__EXERCISE DATA__

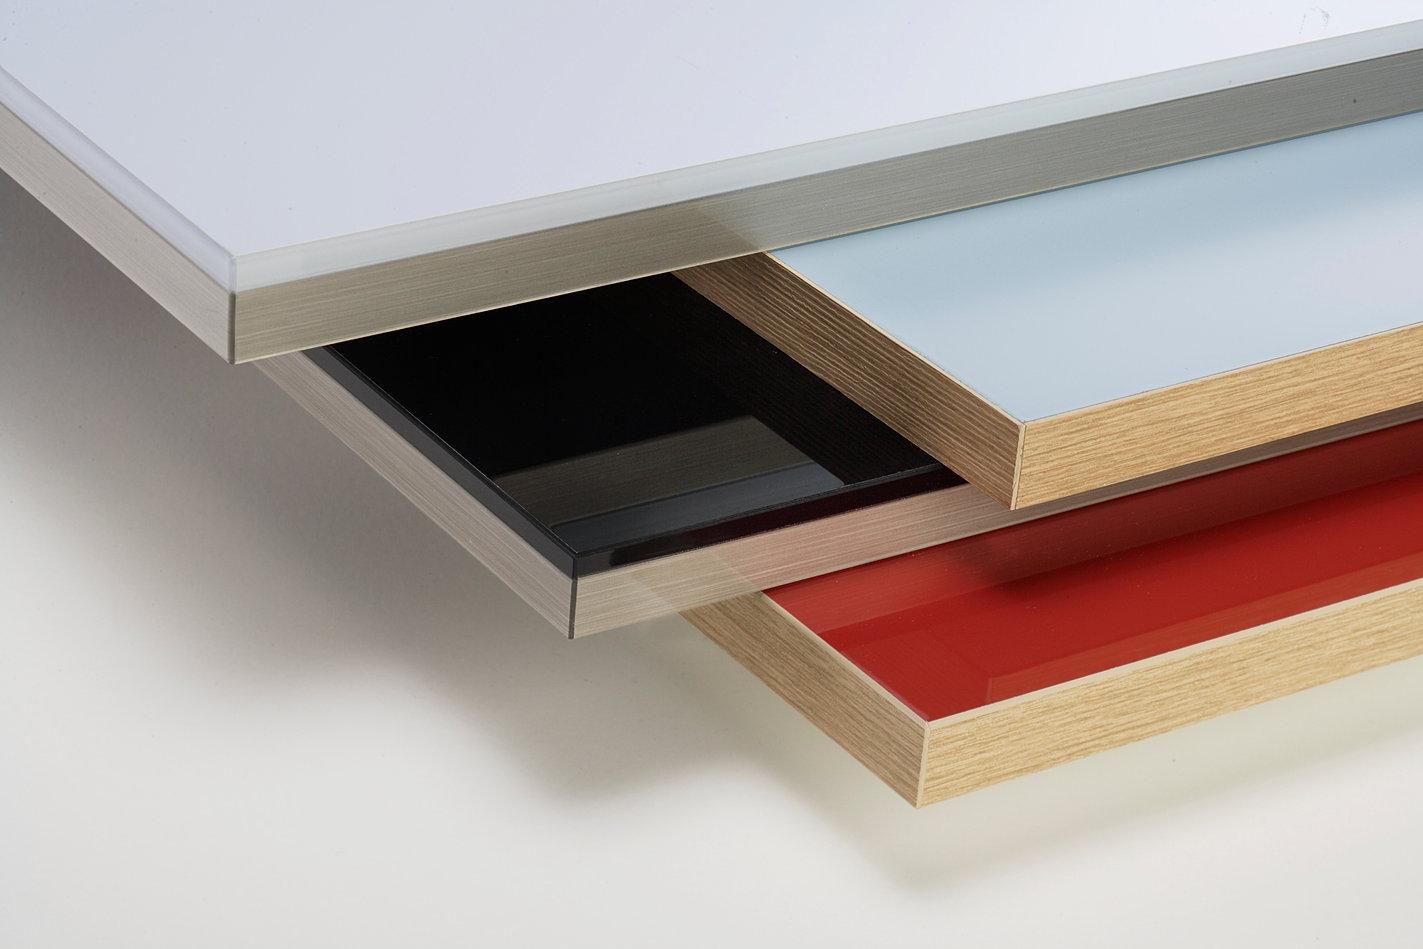 beschichtete spanplatte lackieren > beschichtete spanplatten
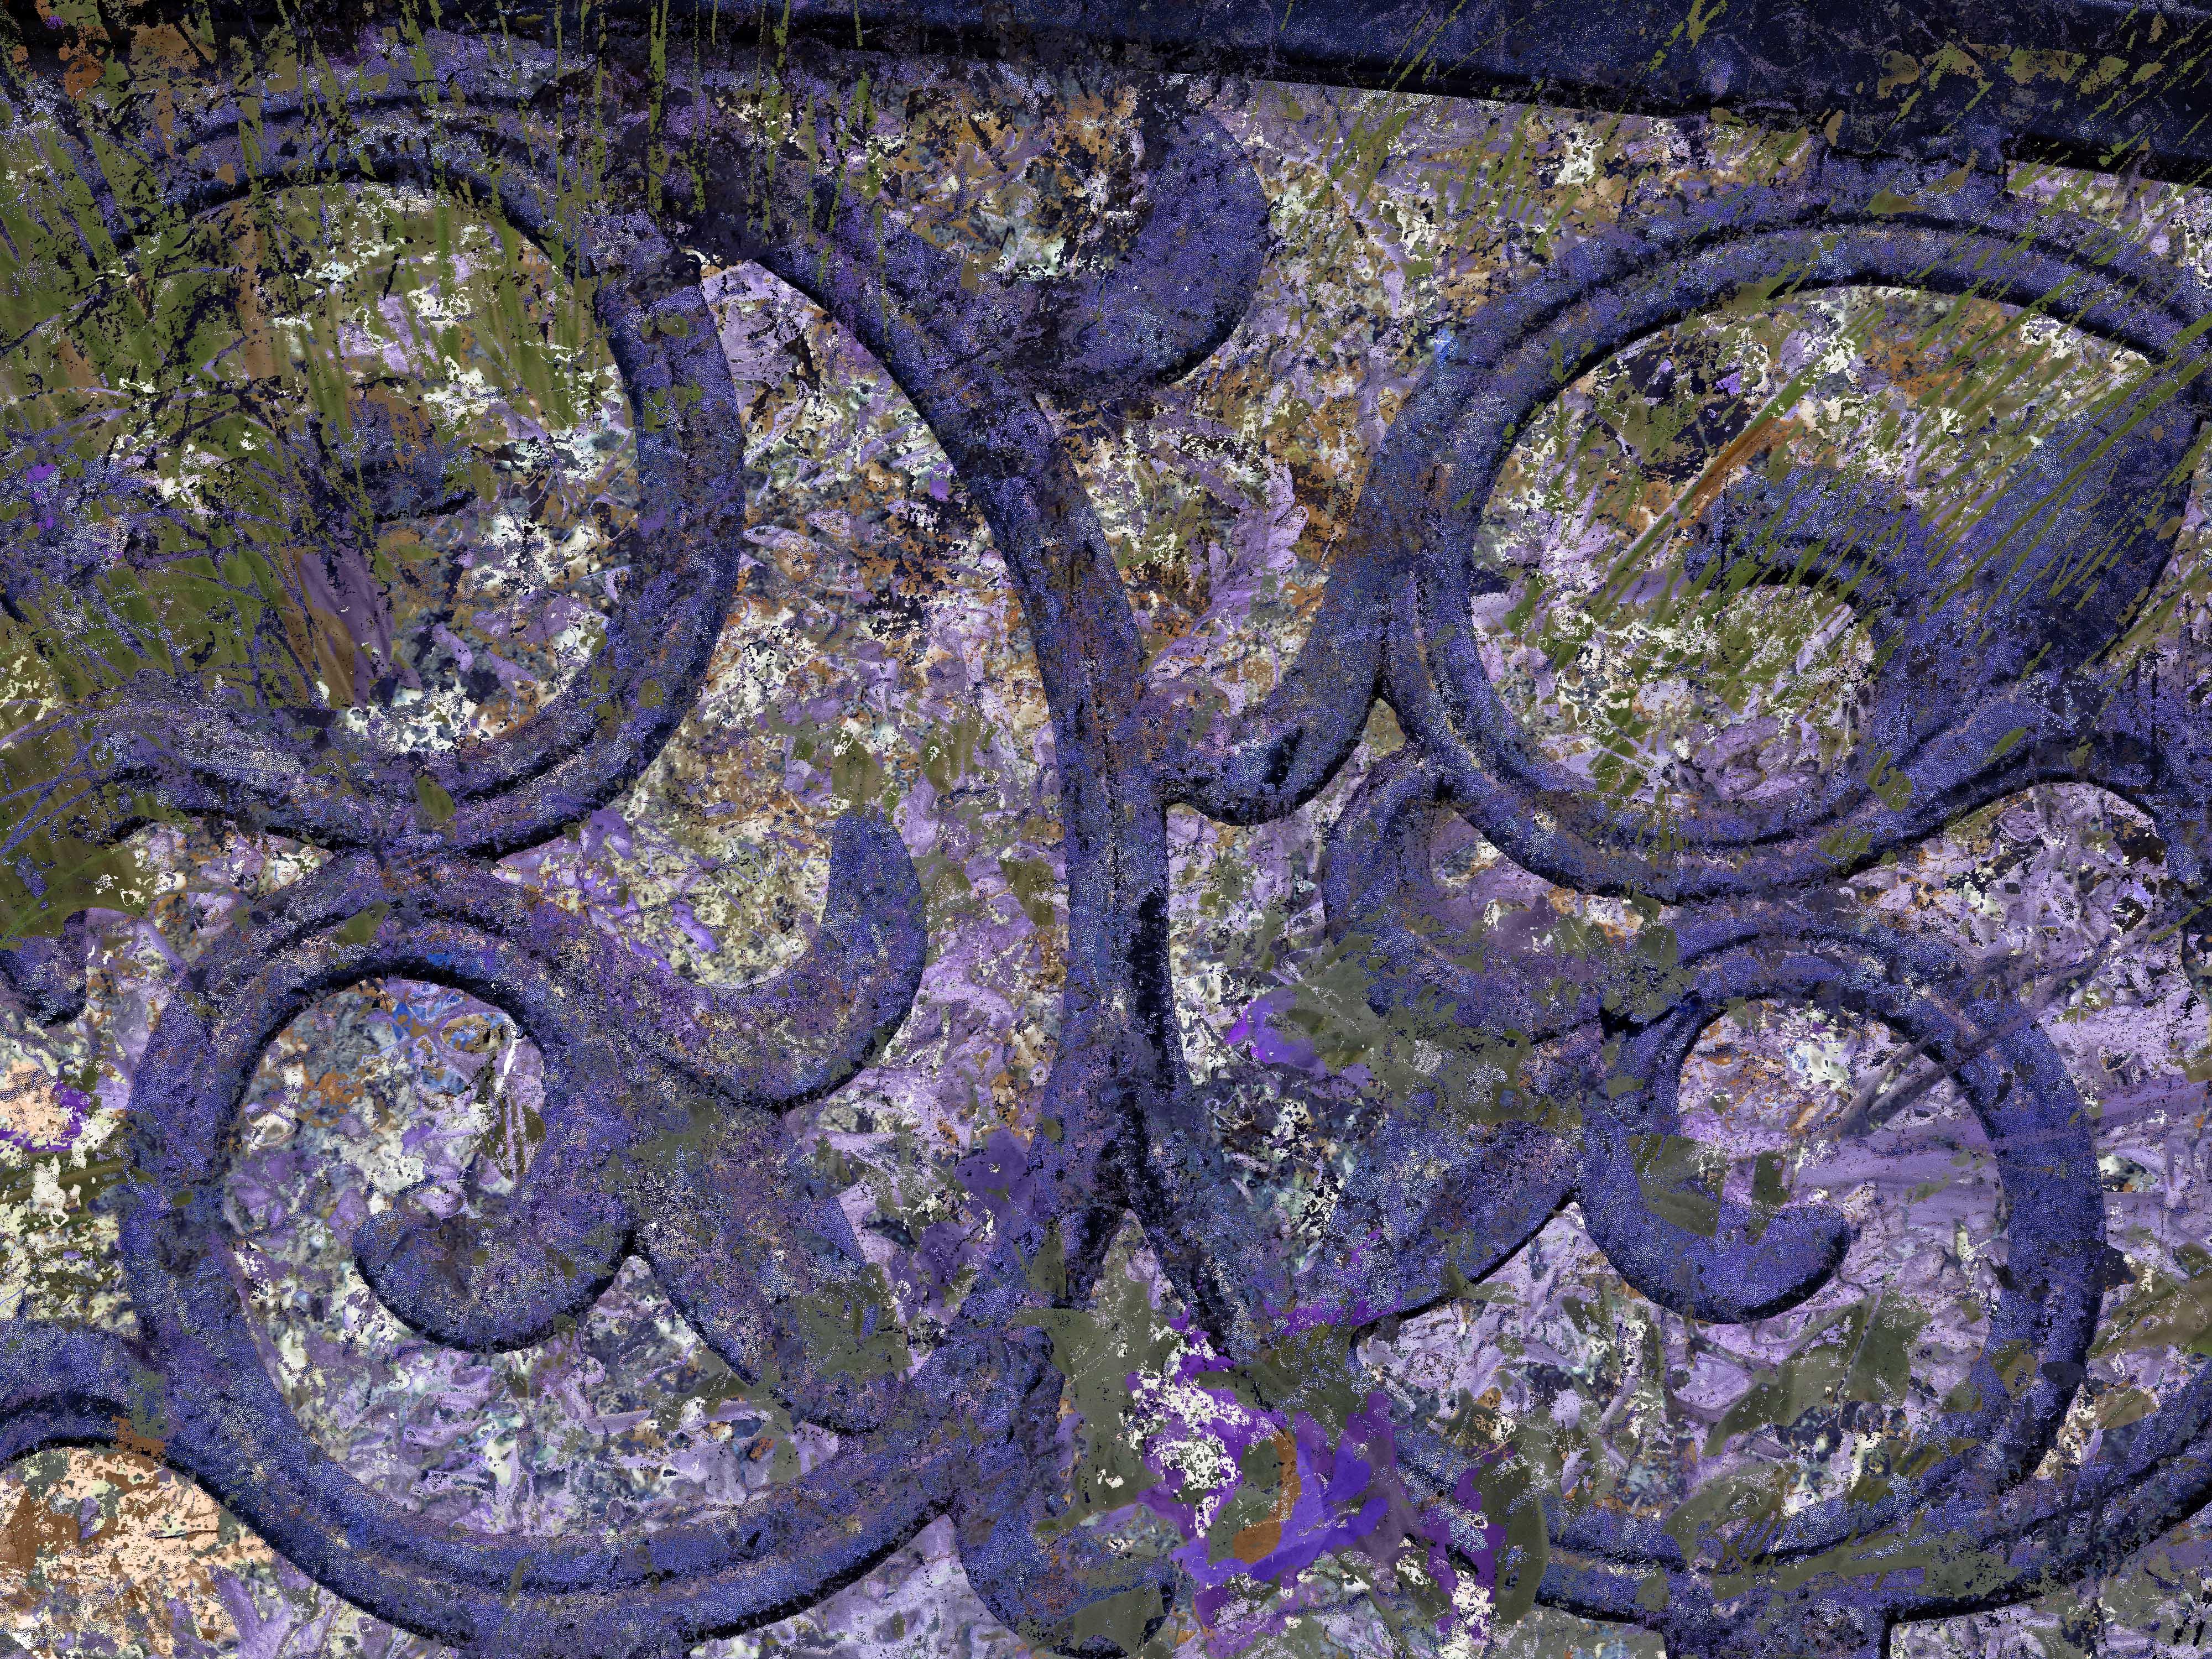 StonePlant FLW 3354 drewg
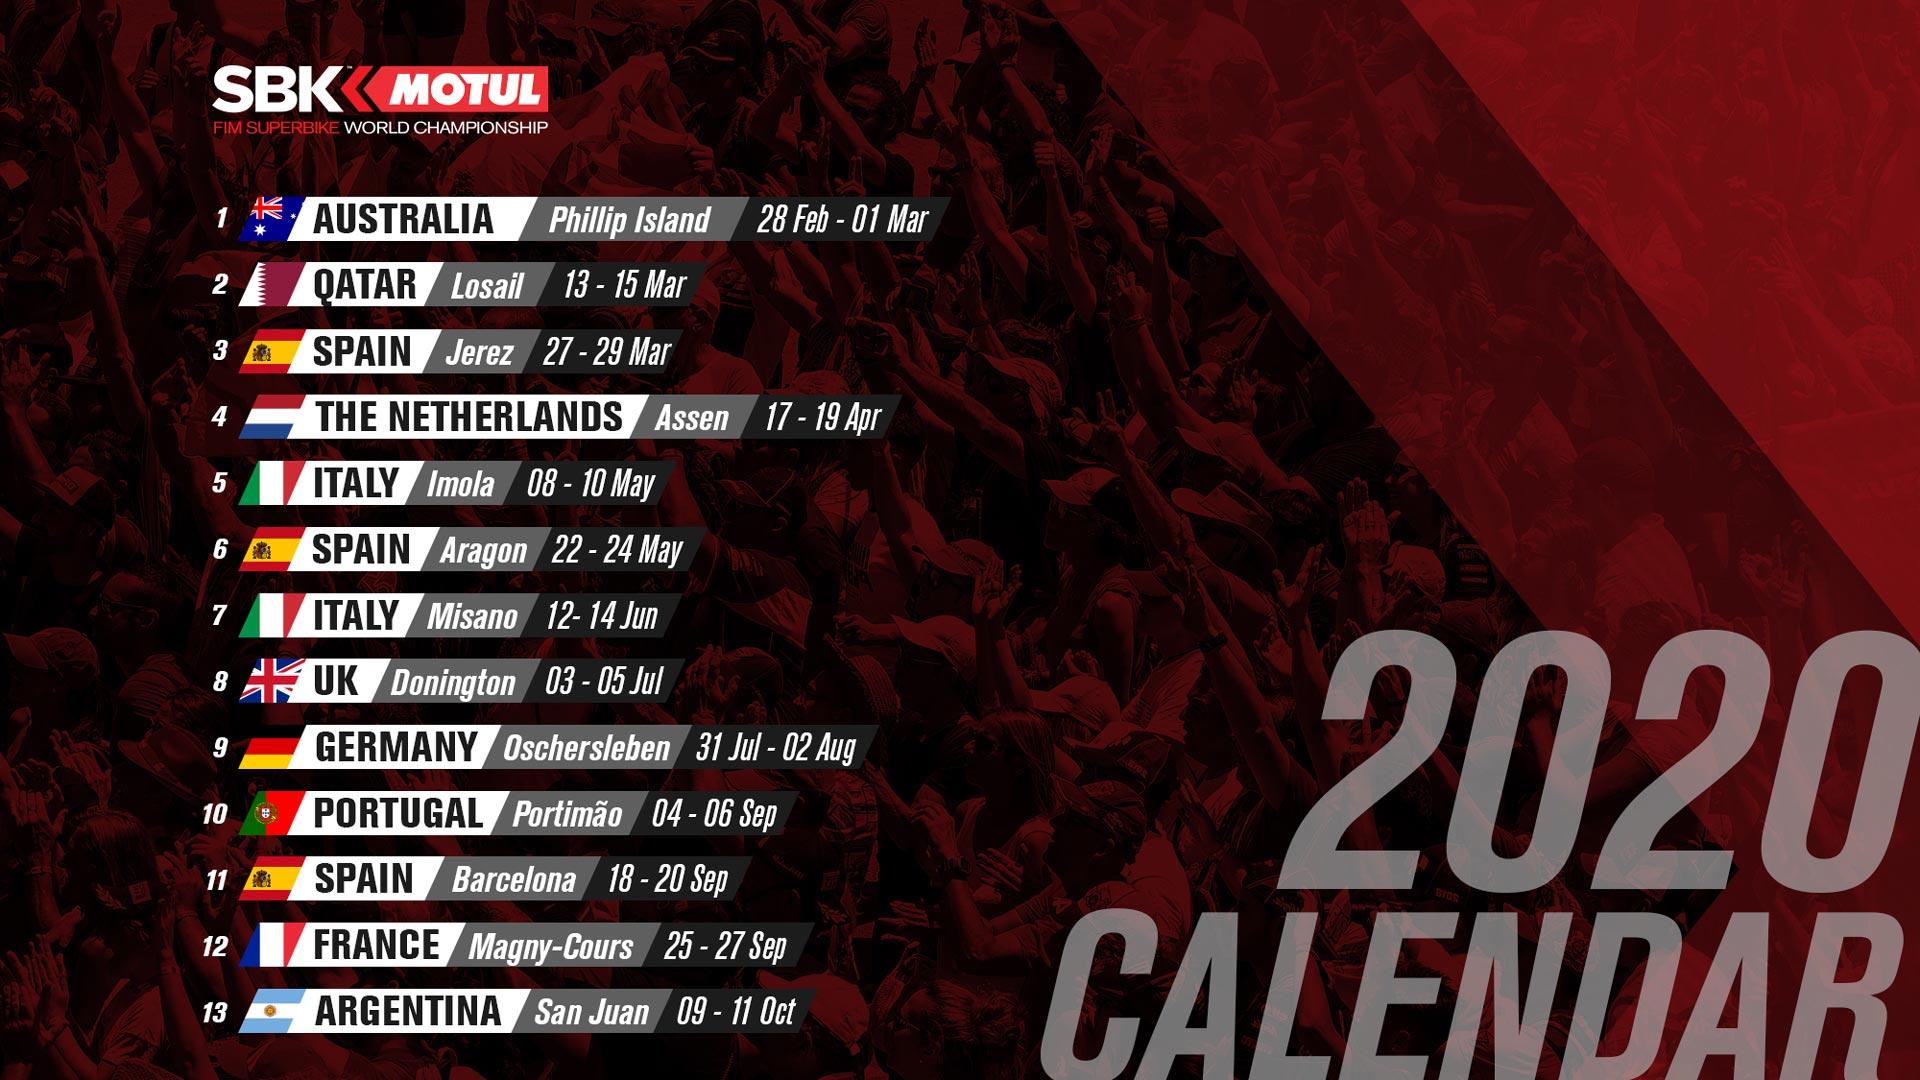 2020-worldsbk-calendar-schedule

__WHAT YOU WILL DO__
All of the data should come back exactly as written, but without pictures.

__COMPLETED TASK__
 beschichtete spanplatte lackieren > beschichtete spanplatten
 StonePlant FLW 3354 drewg
 2020-worldsbk-calendar-schedule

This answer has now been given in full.